▸ **INSTRUCTIONS TO FOLLOW**
What you write must be the listing below in full, word for word, minus its pictures.

Top of DATA SHOWN

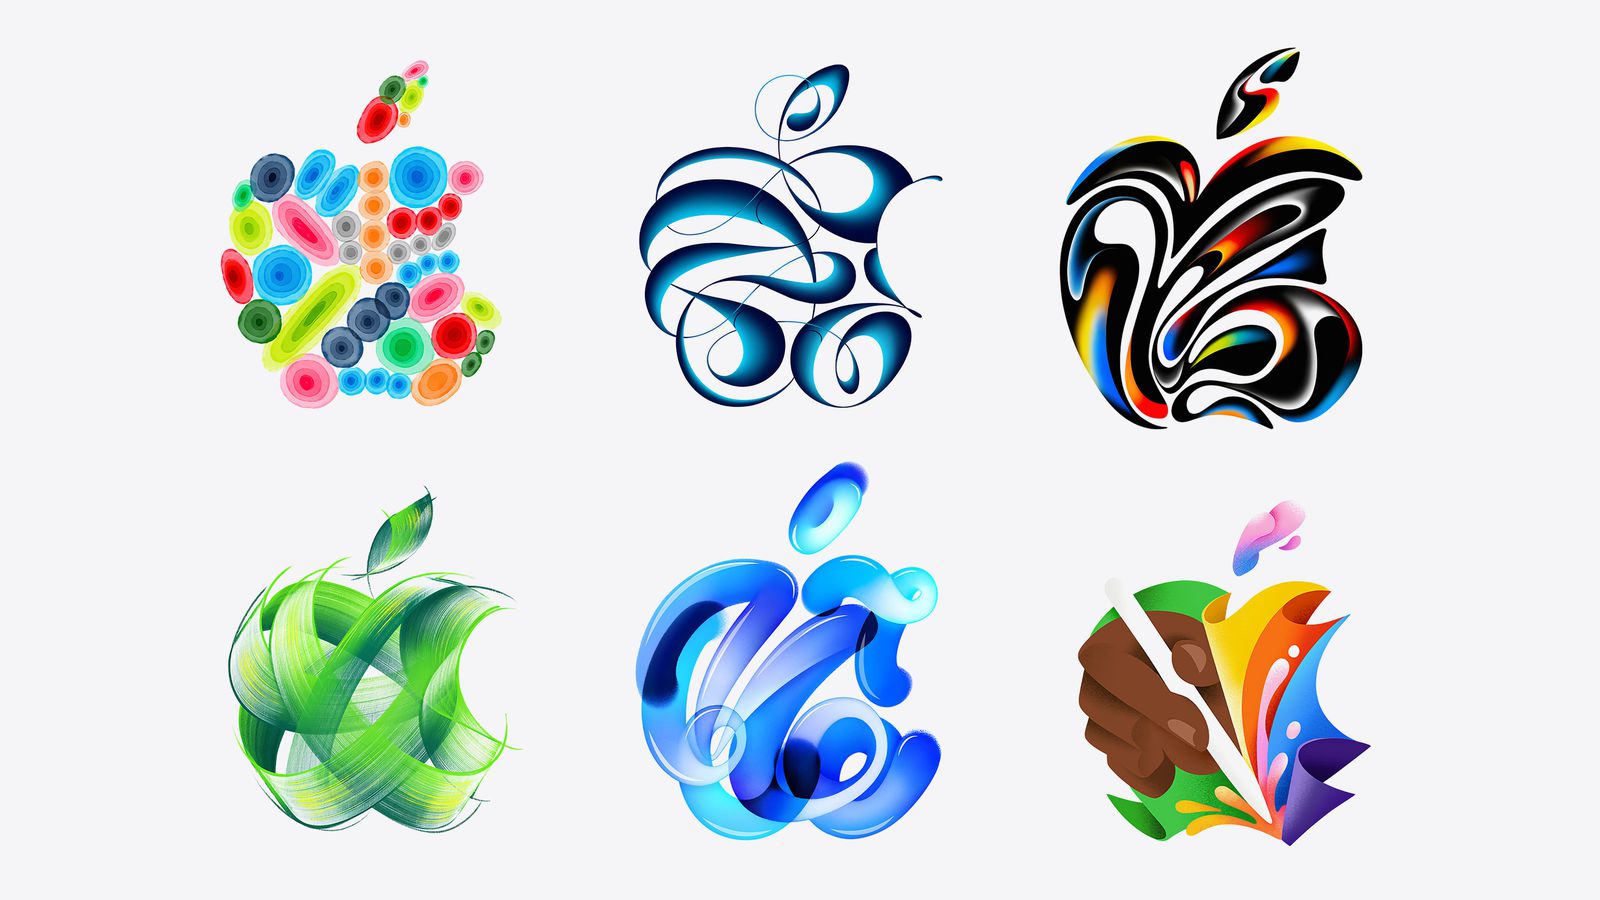 Van iPhoneIslam.com, zes abstracte ontwerpen in felle kleuren en vloeiende vormen, waaronder een verzameling bollen, lintachtige vormen en bladmotieven beïnvloed door randnieuws.
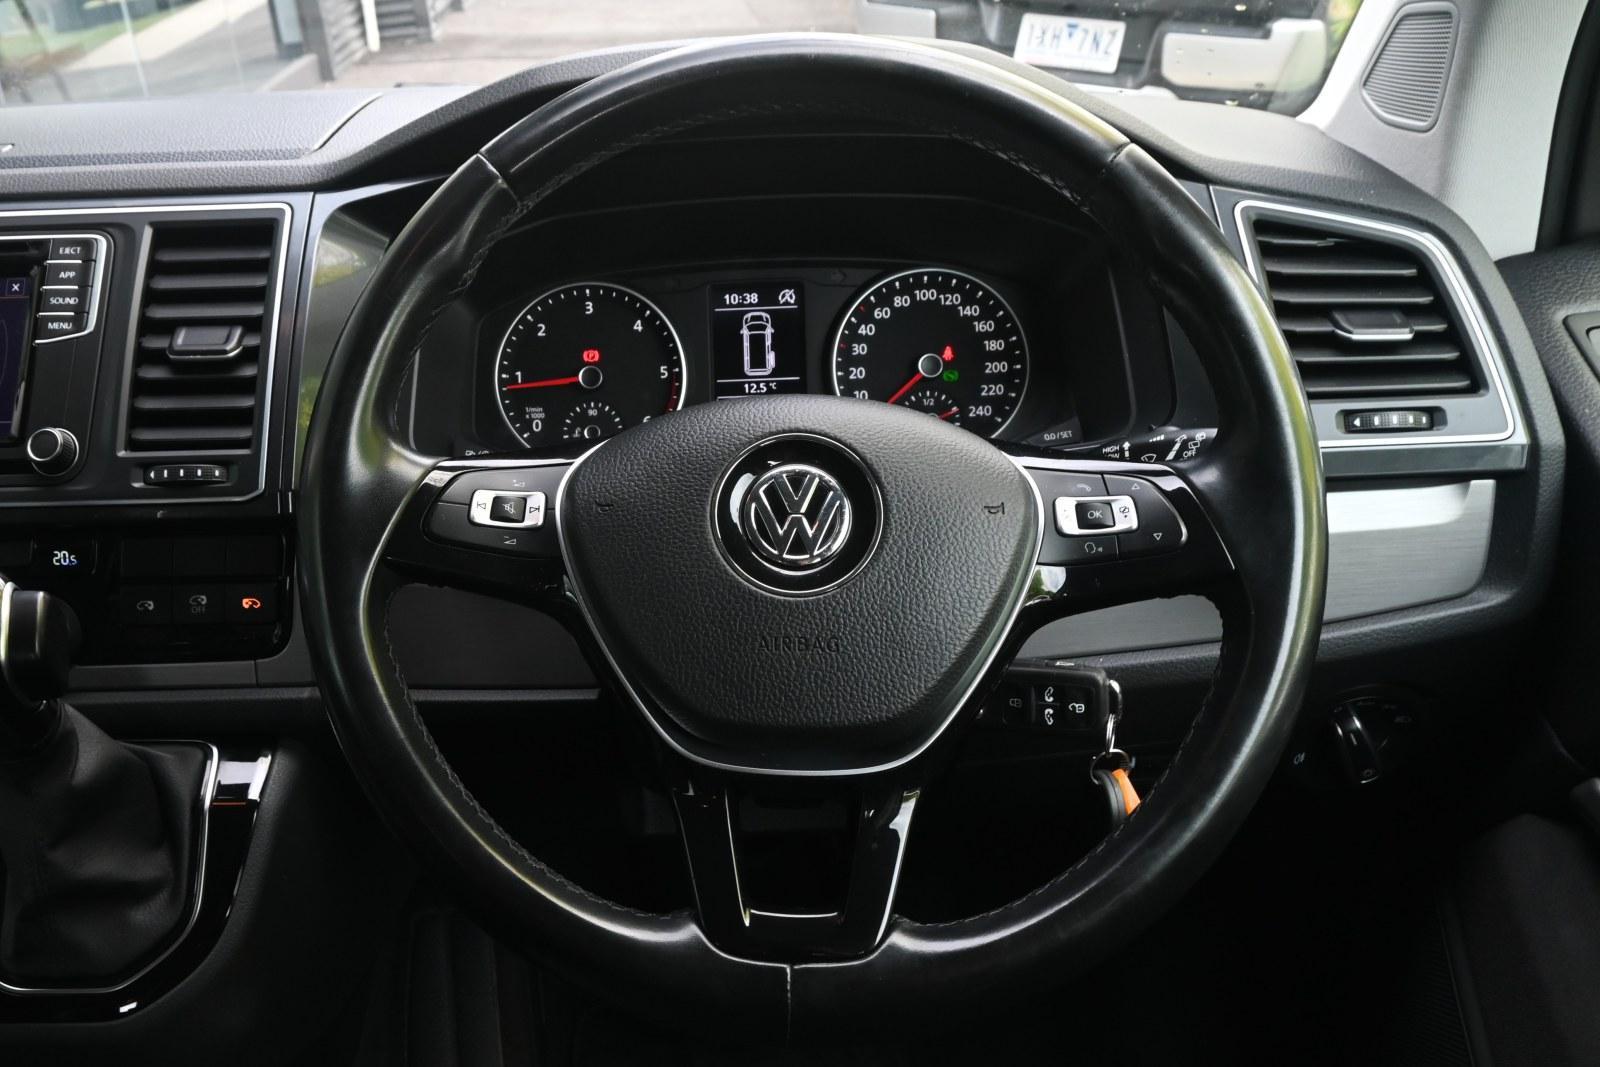 Volkswagen Multivan image 4
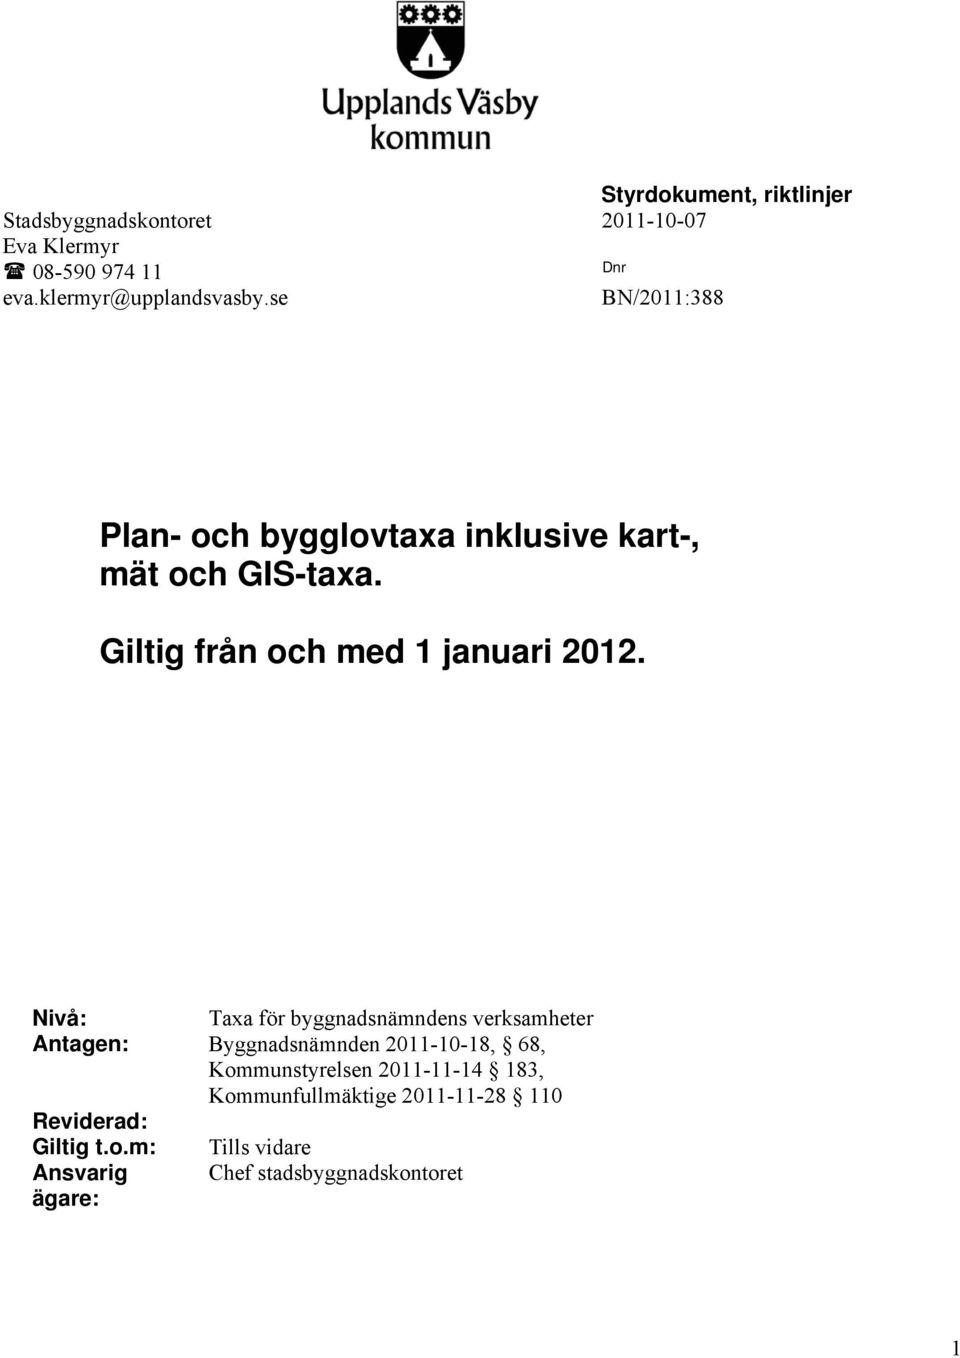 Nivå: Taxa för byggnadsnämndens verksamheter Antagen: Byggnadsnämnden 2011-10-18, 68, Kommunstyrelsen 2011-11-14

Bottom of DATA SHOWN

▸ **RESPONSE BELOW**
 Van iPhoneIslam.com, zes abstracte ontwerpen in felle kleuren en vloeiende vormen, waaronder een verzameling bollen, lintachtige vormen en bladmotieven beïnvloed door randnieuws.
 Volkswagen Multivan image 4
 Nivå: Taxa för byggnadsnämndens verksamheter Antagen: Byggnadsnämnden 2011-10-18, 68, Kommunstyrelsen 2011-11-14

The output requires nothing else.